Each and every line below goes into your answer unchanged, but leave out the images.

Collected material =>
>>>

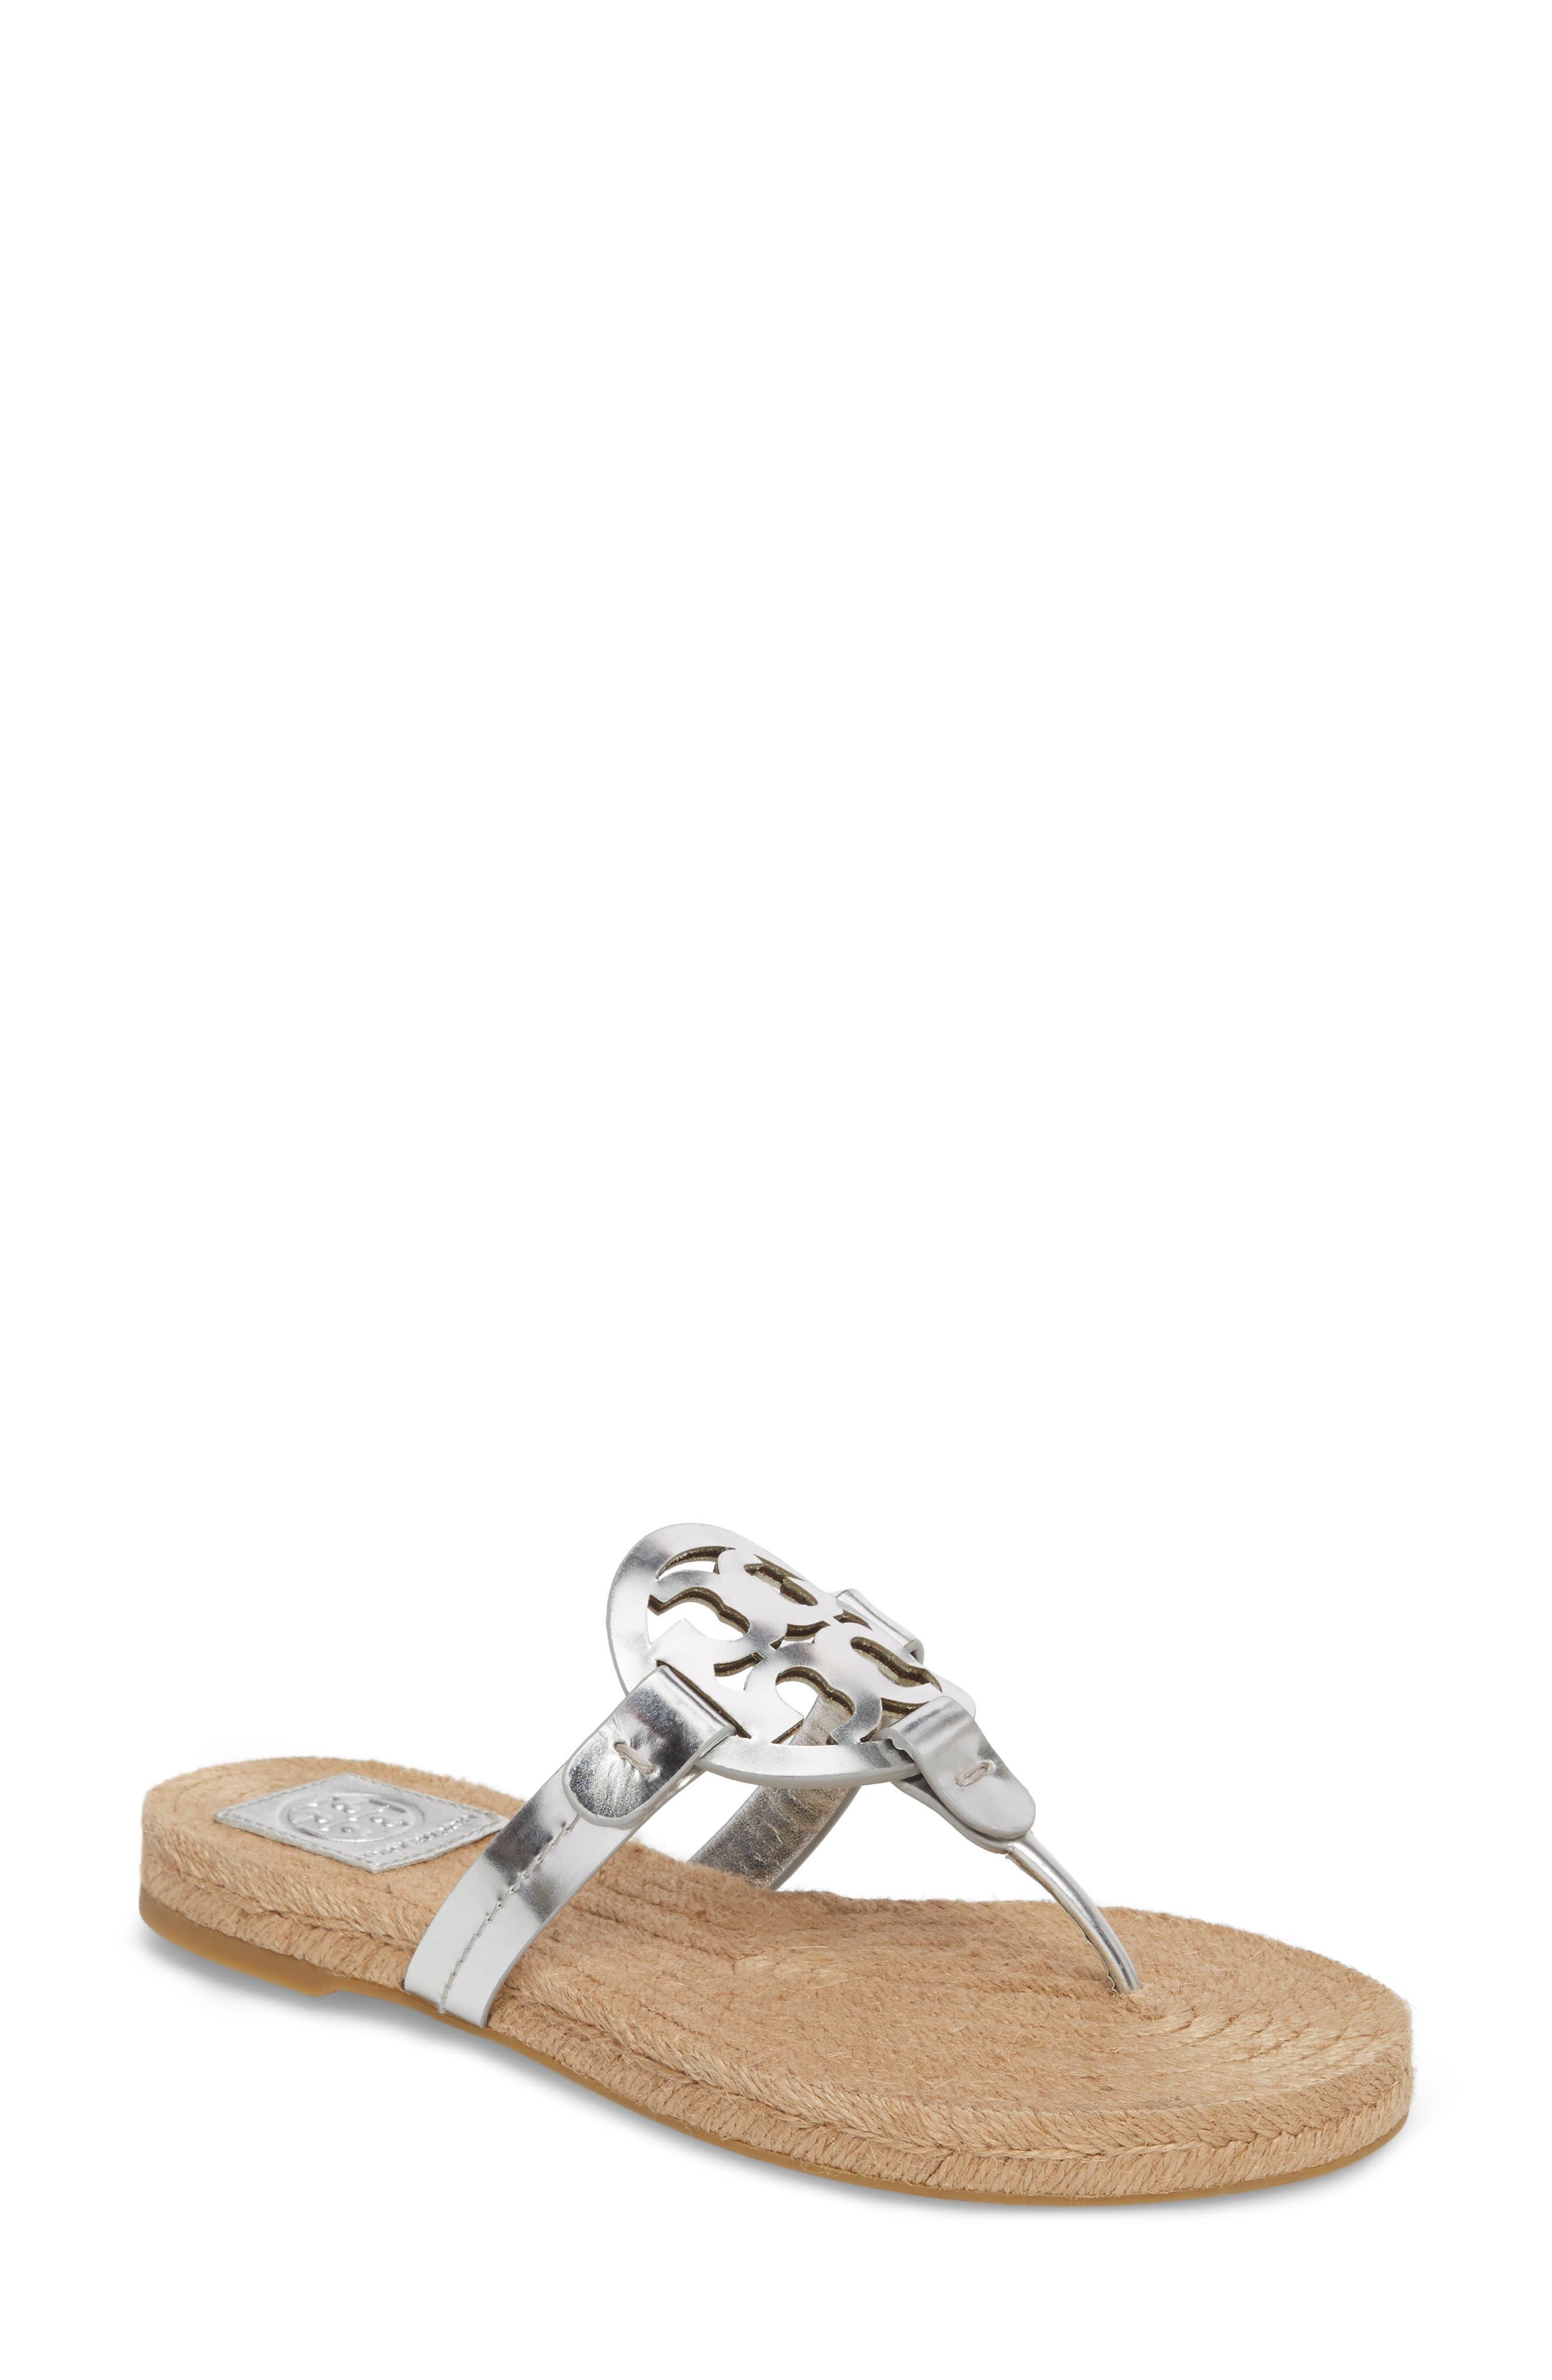 Miller Espadrille Sandal,                         Main,                         color, Silver/ Natural Vachetta
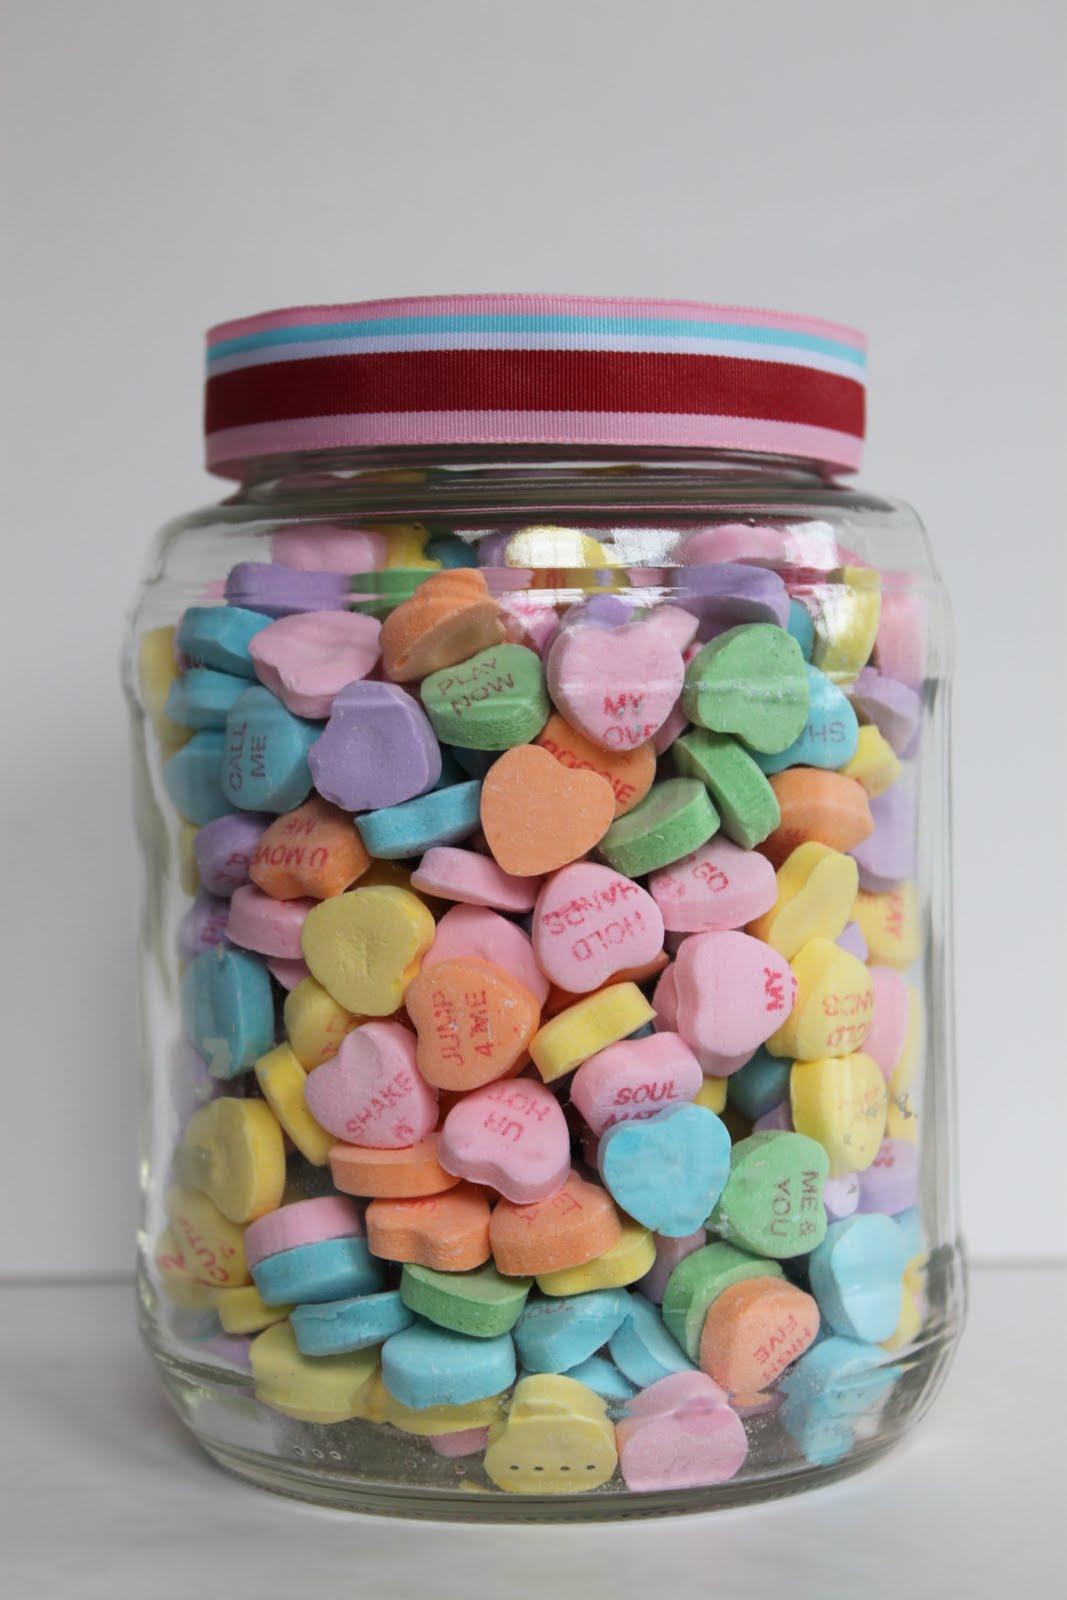 Crave Indulge Satisfy Valentine S Giveaway
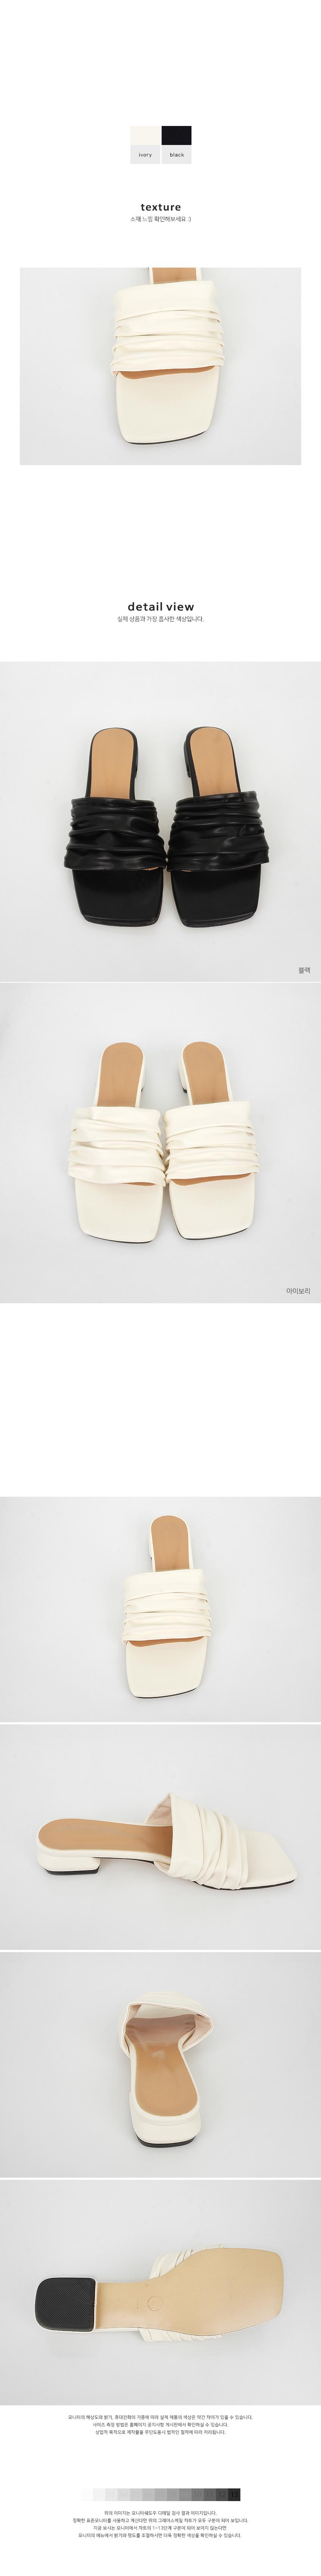 Wrinkle bold slippers

<<<

Task response =>
 Miller Espadrille Sandal,                         Main,                         color, Silver/ Natural Vachetta
 Crave Indulge Satisfy Valentine S Giveaway
 Wrinkle bold slippers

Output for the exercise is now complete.